Такие мечты редко сбываются. Точнее сказать — никогда не сбываются. А у дяди Коли мечта его отроческих лет сбылась. И помогла этому революция, потому что вряд ли до революции и без революции мог бы сын богатого подрядчика, акционера, домовладельца стать пожарным.
Революция «раскулачила» дядю Колю, лишила его «прав и состояния»… И он был по-настоящему счастлив этим, милый наш дядя Коля! Отслужив в Красной Армии, отболев тифами и прочим, он сразу же поступил в пожарные и за пятнадцать лет проделал в этой сфере головокружительную карьеру — пройдя путь от рядового топорника до начальника пожарной охраны на ленинградской кинофабрике.
На этом посту он оставался до последнего часа.

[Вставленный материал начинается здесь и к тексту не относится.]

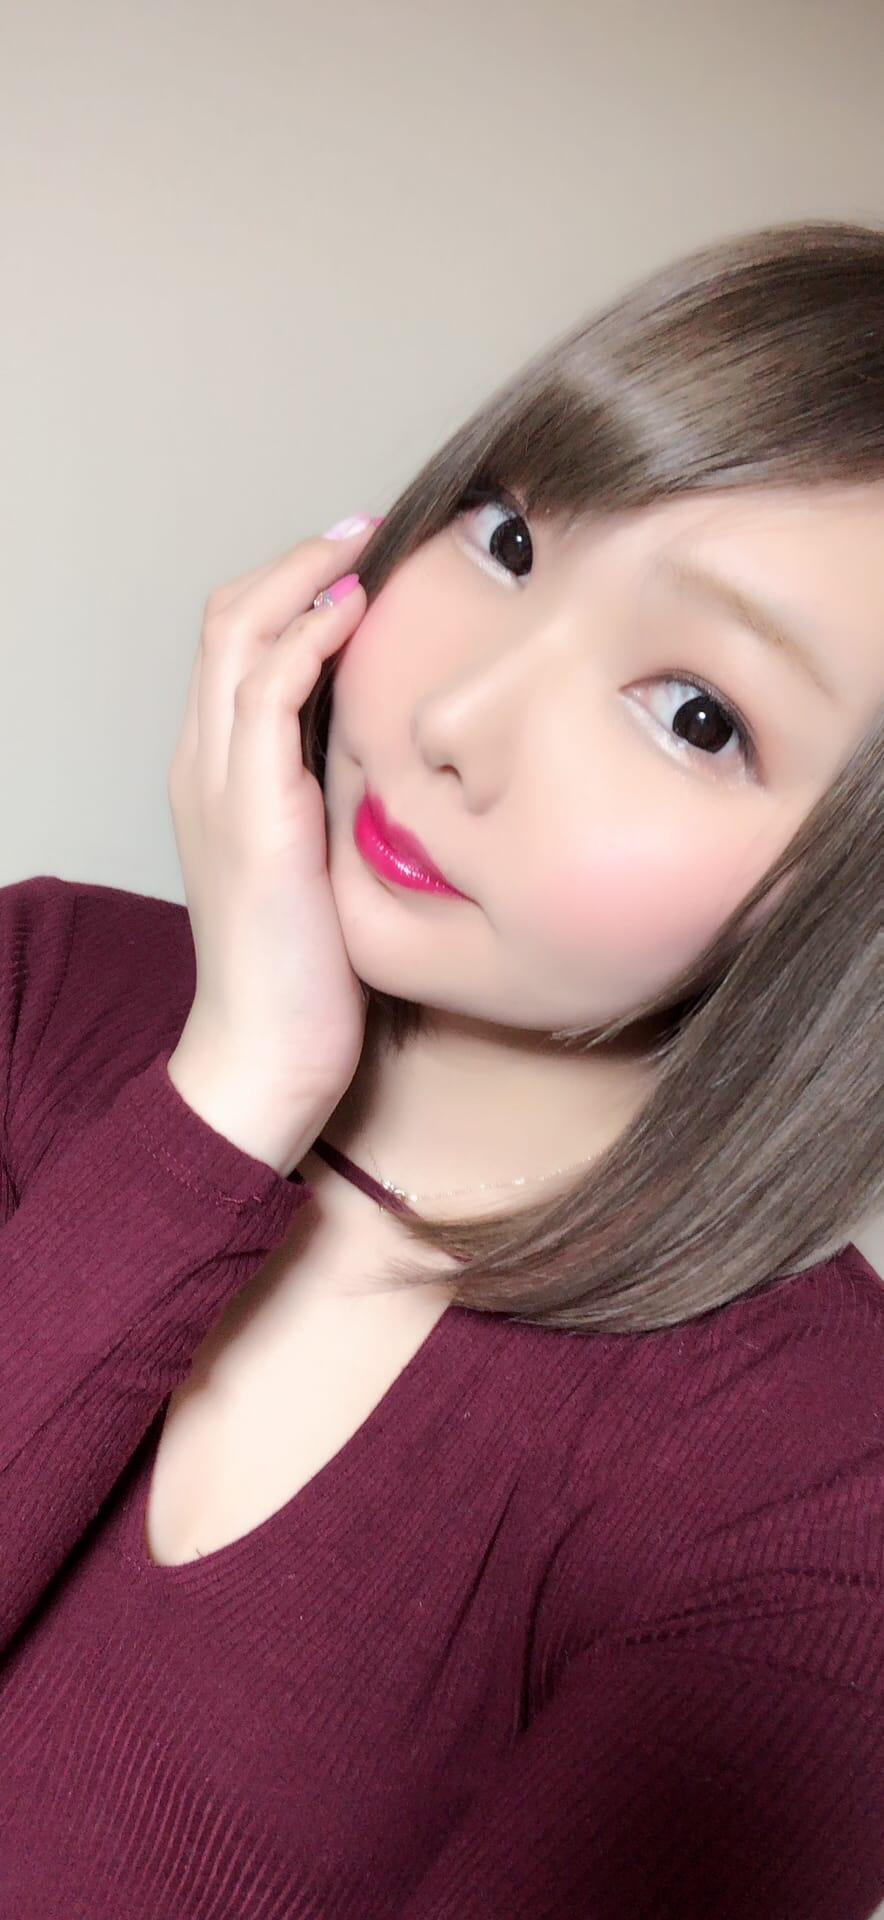 「お礼...ファンタジー」01/17(水) 20:22 | 増田ゆめの写メ・風俗動画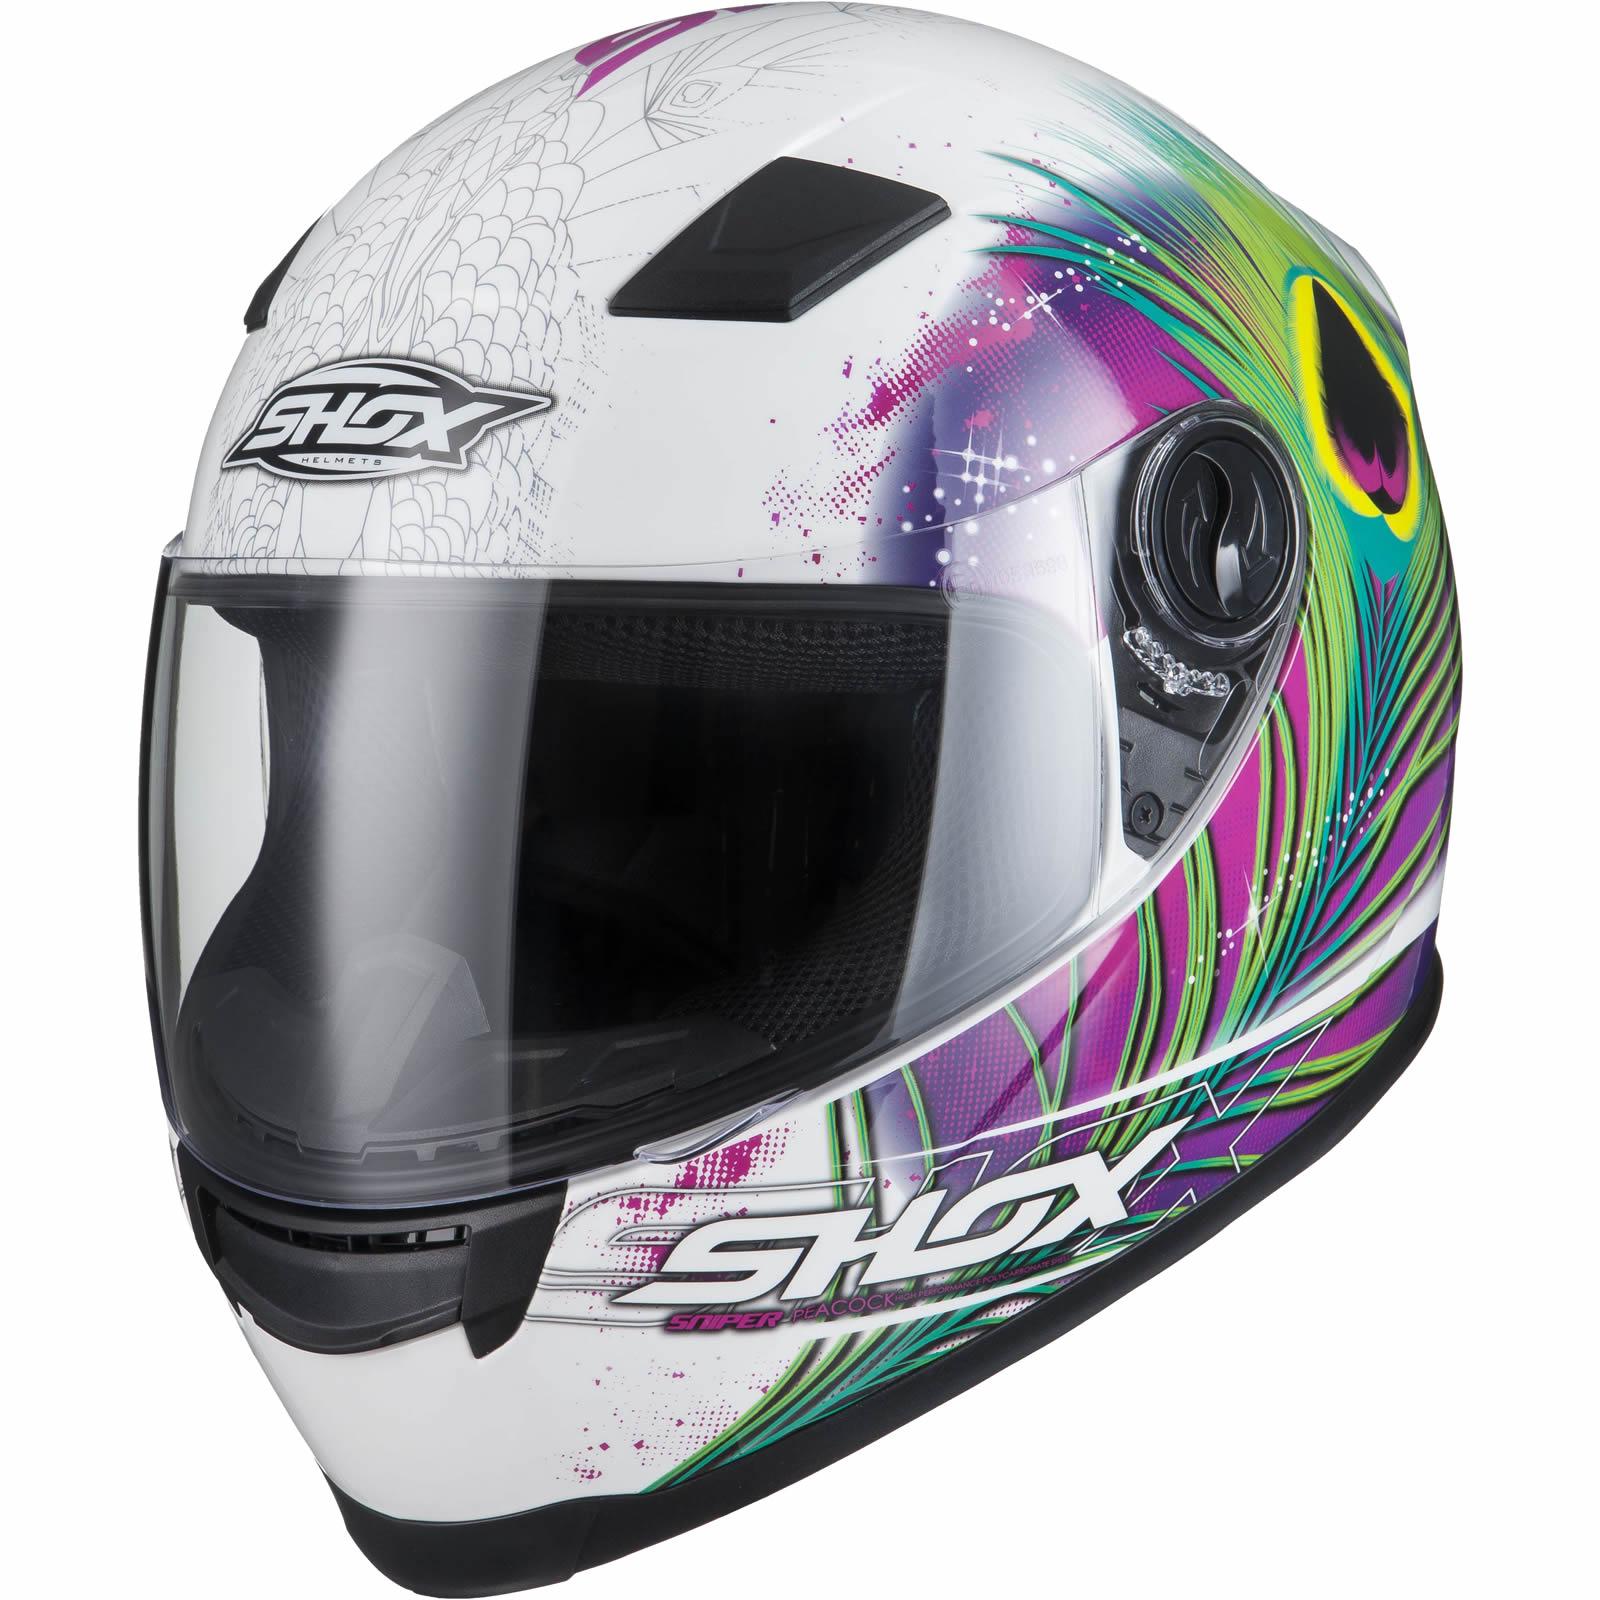 Ladies Motorcycle Helmets Ebay

Умер дядя Коля в январе 1942 года от голода. За несколько дней до этого умер его сын Павлик.
В ночь с 26 на 27 января я видел сон — будто сидим мы в ресторане (такие сны посещали нас, блокадников, часто). Нас четверо. Мы трое пьем вино, а четвертый — дядя Коля — пьет молоко.
Проснувшись, я подумал и сказал маме:
— Умер дядя Коля.
Дней через пять-шесть пришла жена дяди Коли Марья Михайловна и сказала: да, рано утром 27 января дяди Коли не стало.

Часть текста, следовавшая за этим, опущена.